Dataset entries ::
======

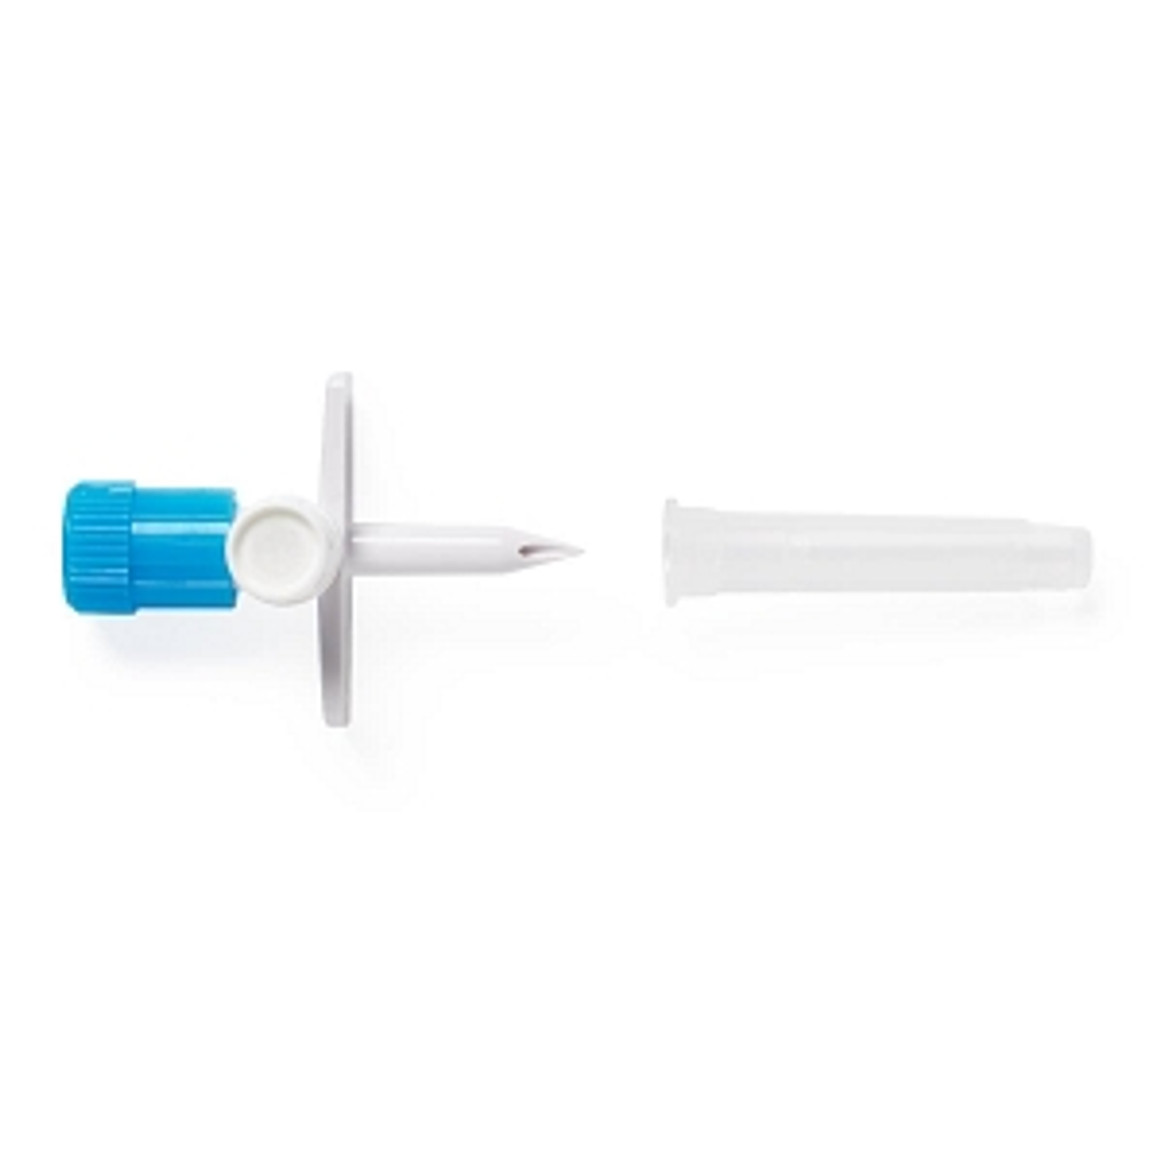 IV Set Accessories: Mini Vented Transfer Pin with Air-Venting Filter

======

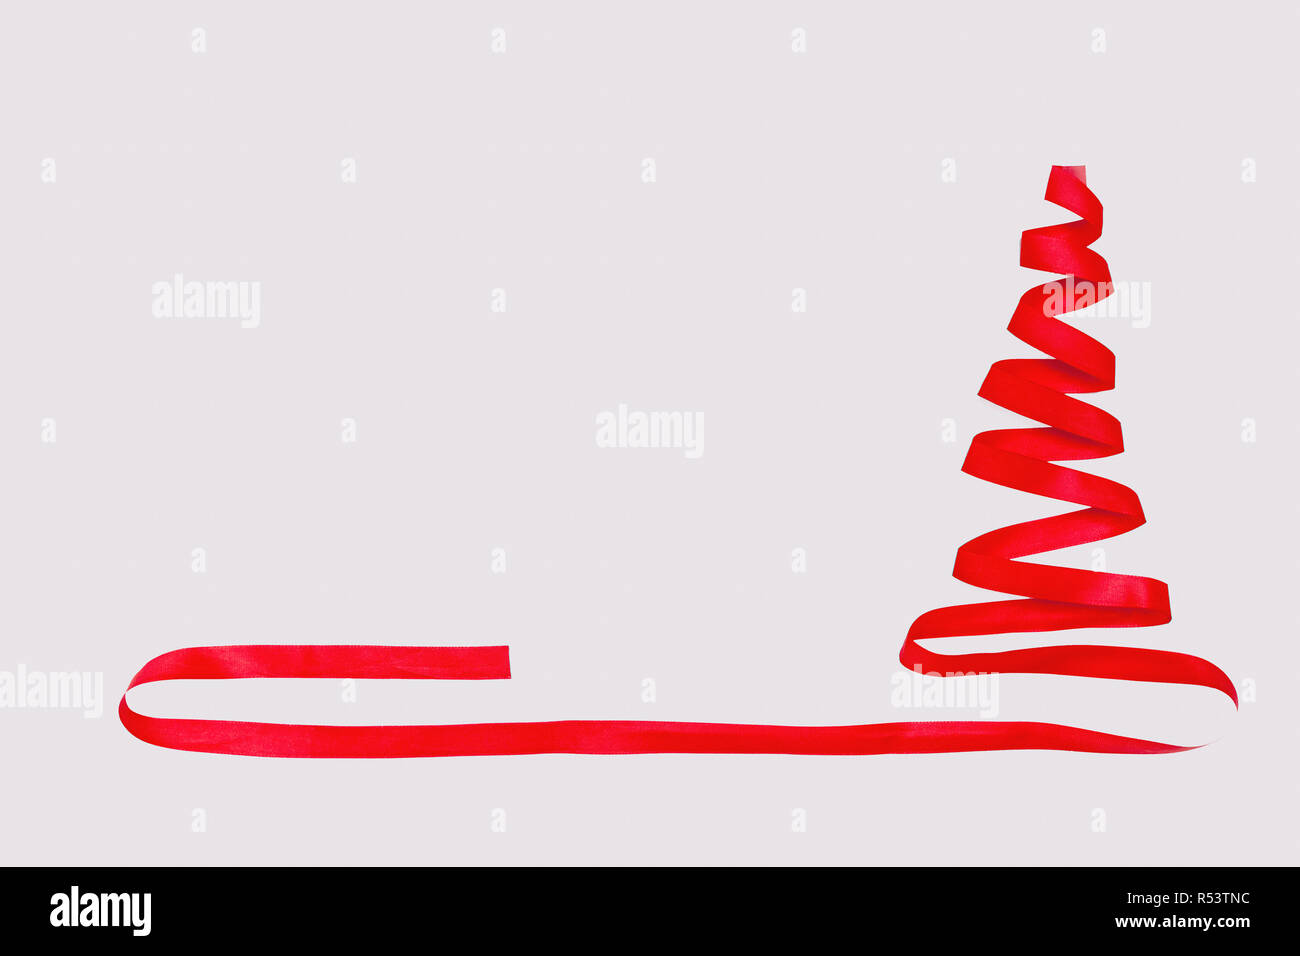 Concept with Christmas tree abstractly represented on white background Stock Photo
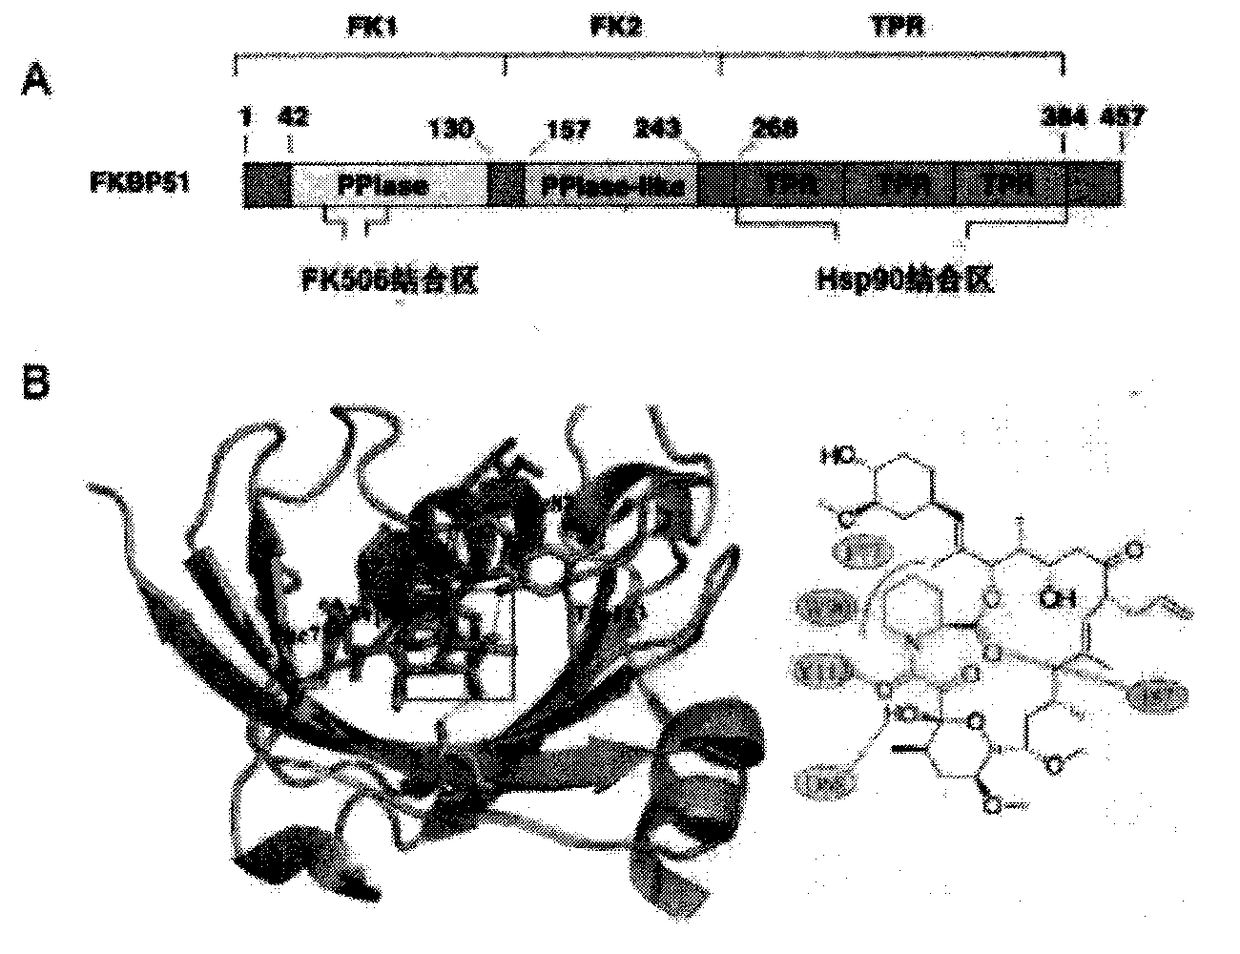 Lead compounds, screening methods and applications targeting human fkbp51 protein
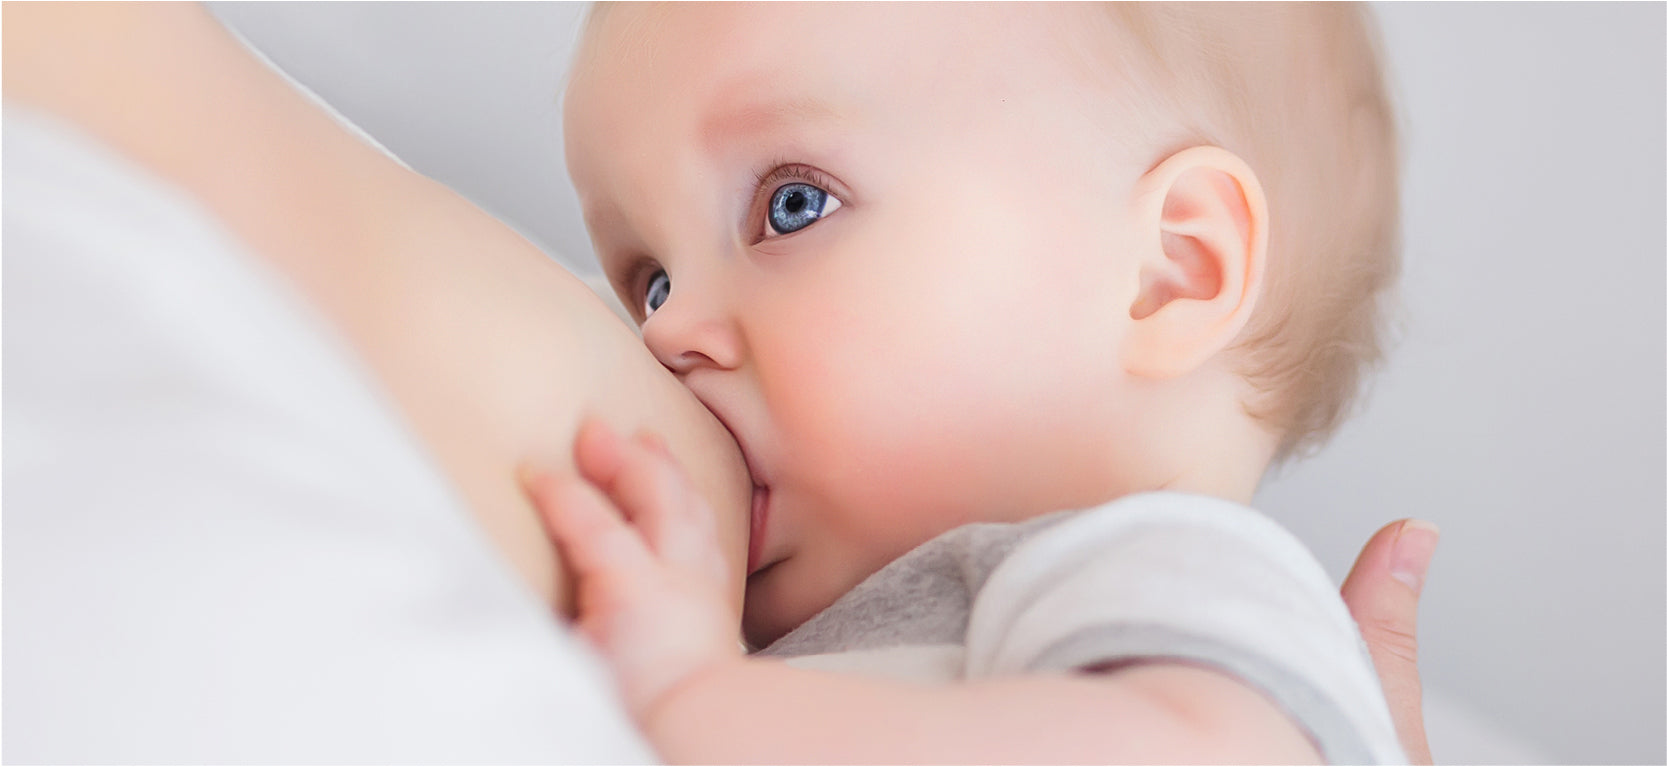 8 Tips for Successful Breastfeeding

======

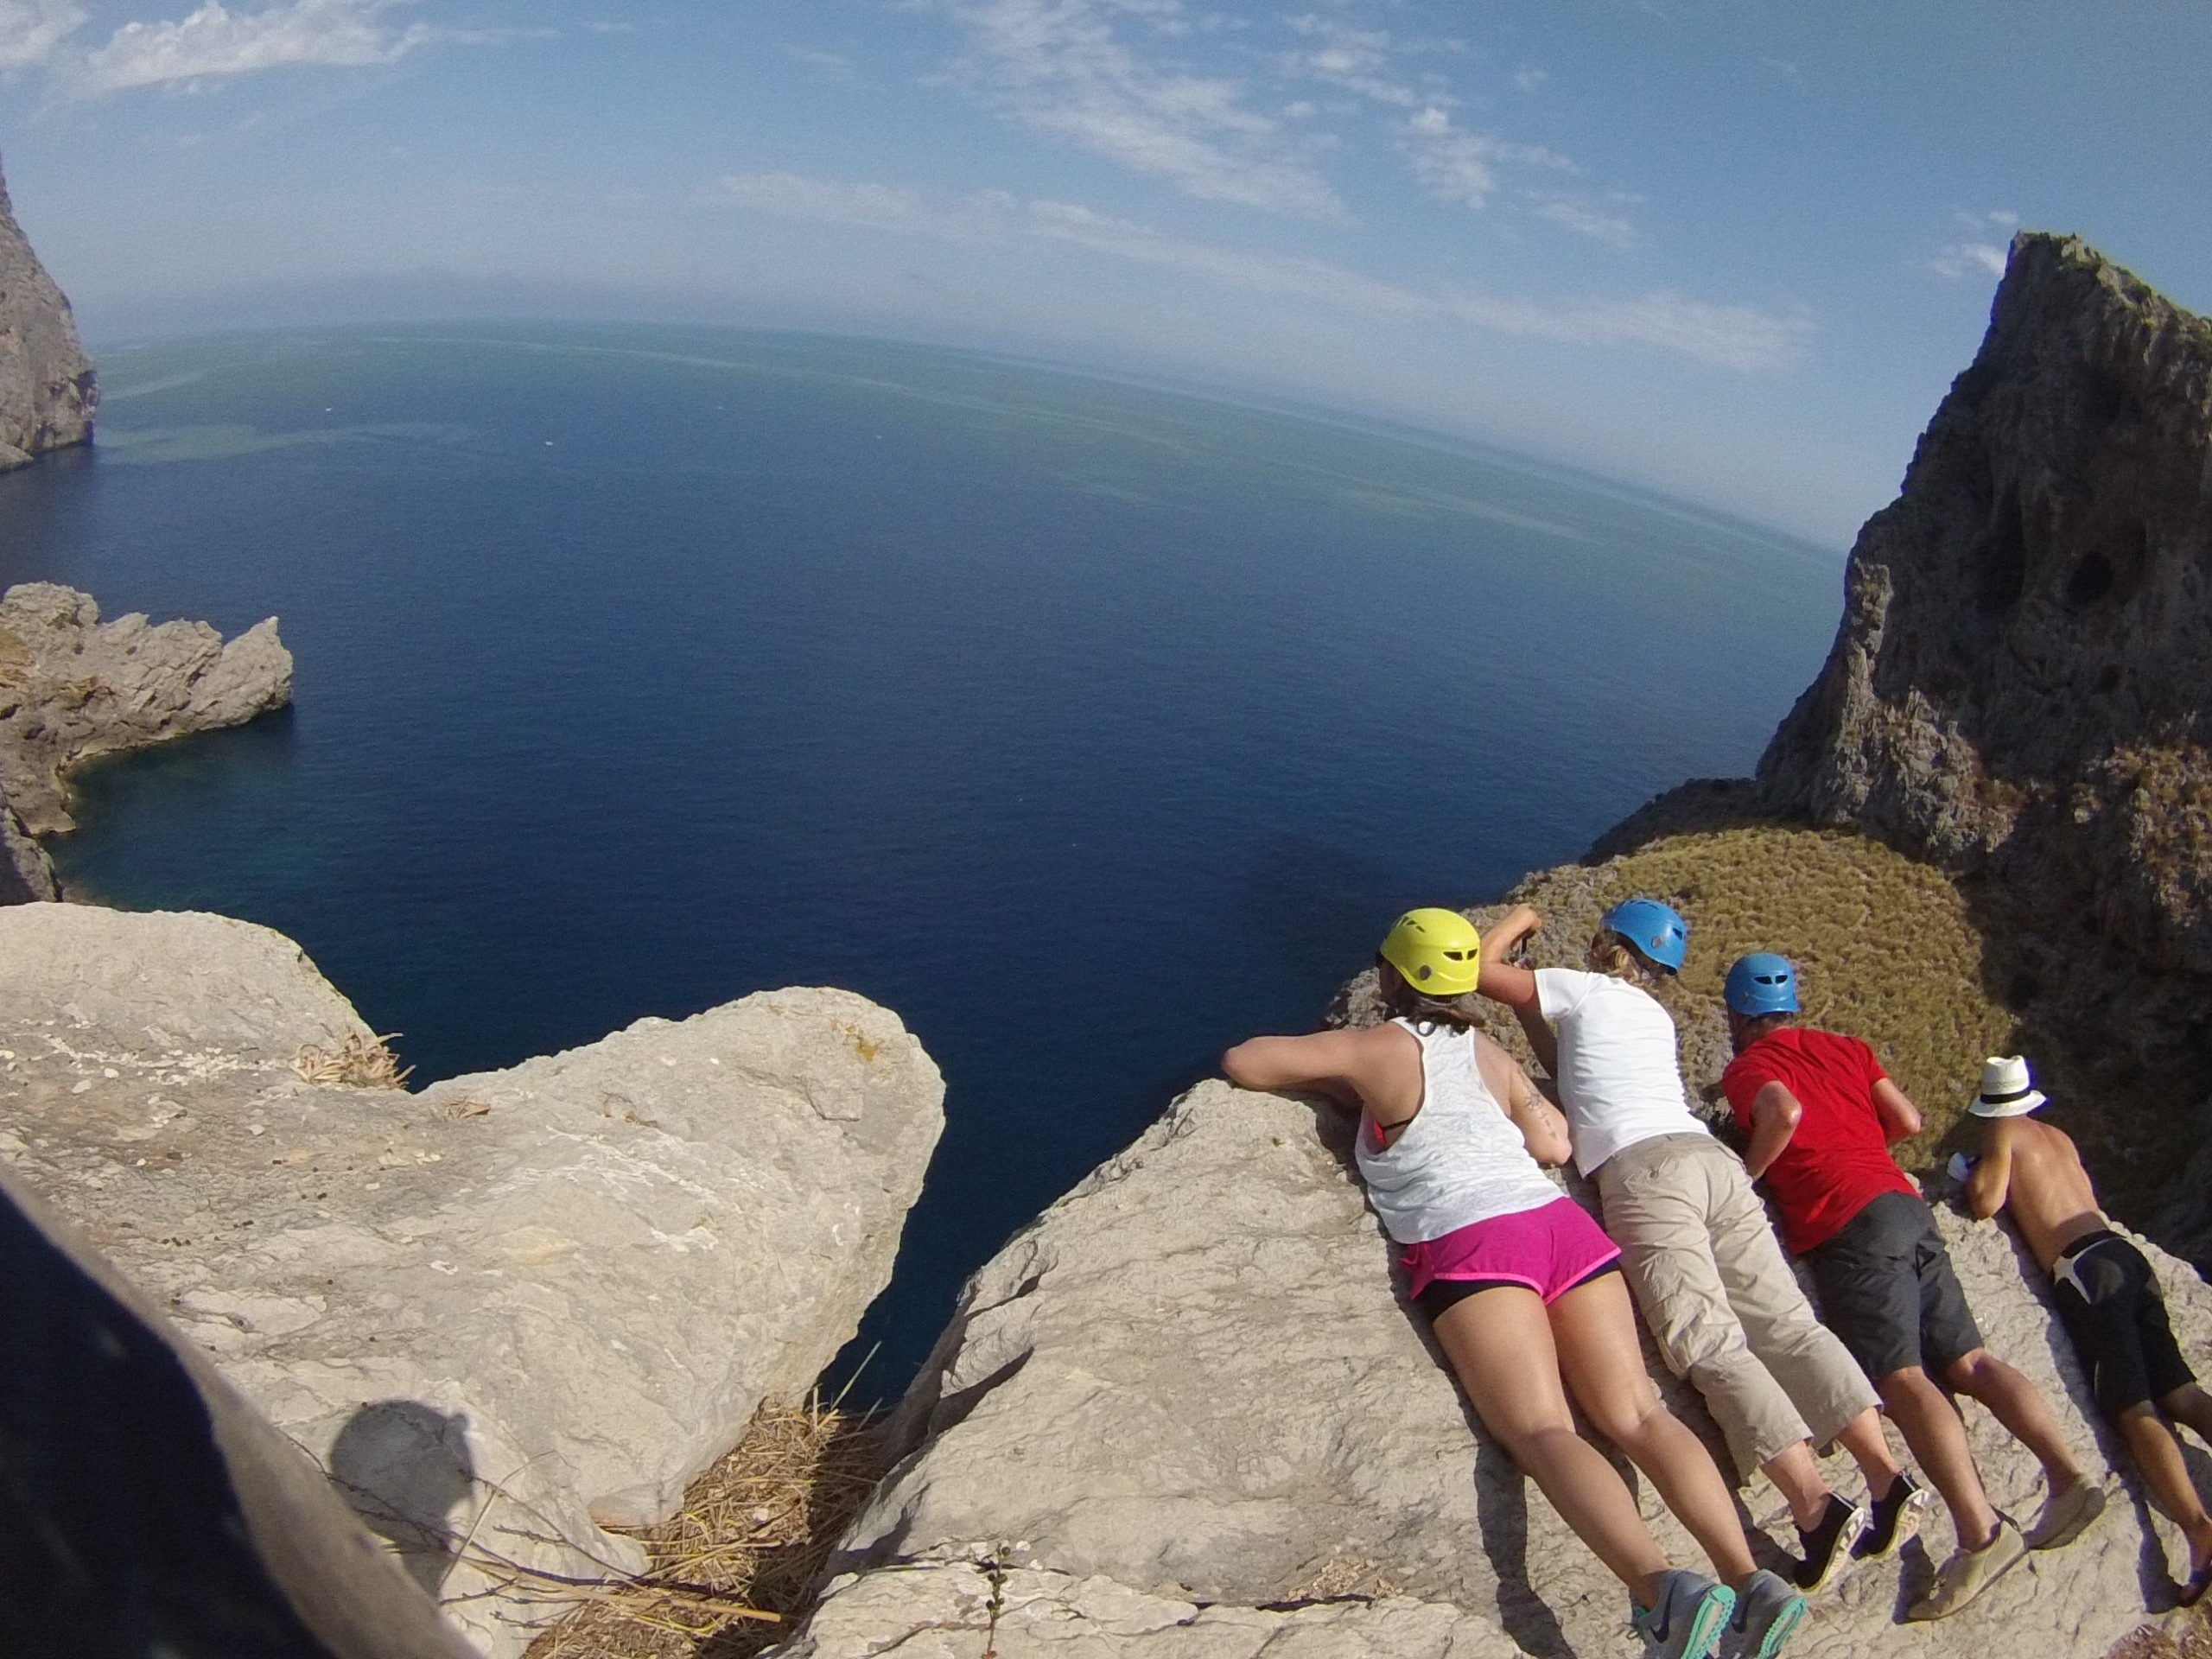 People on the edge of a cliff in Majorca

======

Problem description ::
Working from the entries above, reproduce exactly and only the lines beginning with the line that has "Concept with Christmas" and ending with the line that has "8 Tips for Successful Breastfeeding"; omit all pictures.

Task output ::
 Concept with Christmas tree abstractly represented on white background Stock Photo
 Lead compounds, screening methods and applications targeting human fkbp51 protein
 8 Tips for Successful Breastfeeding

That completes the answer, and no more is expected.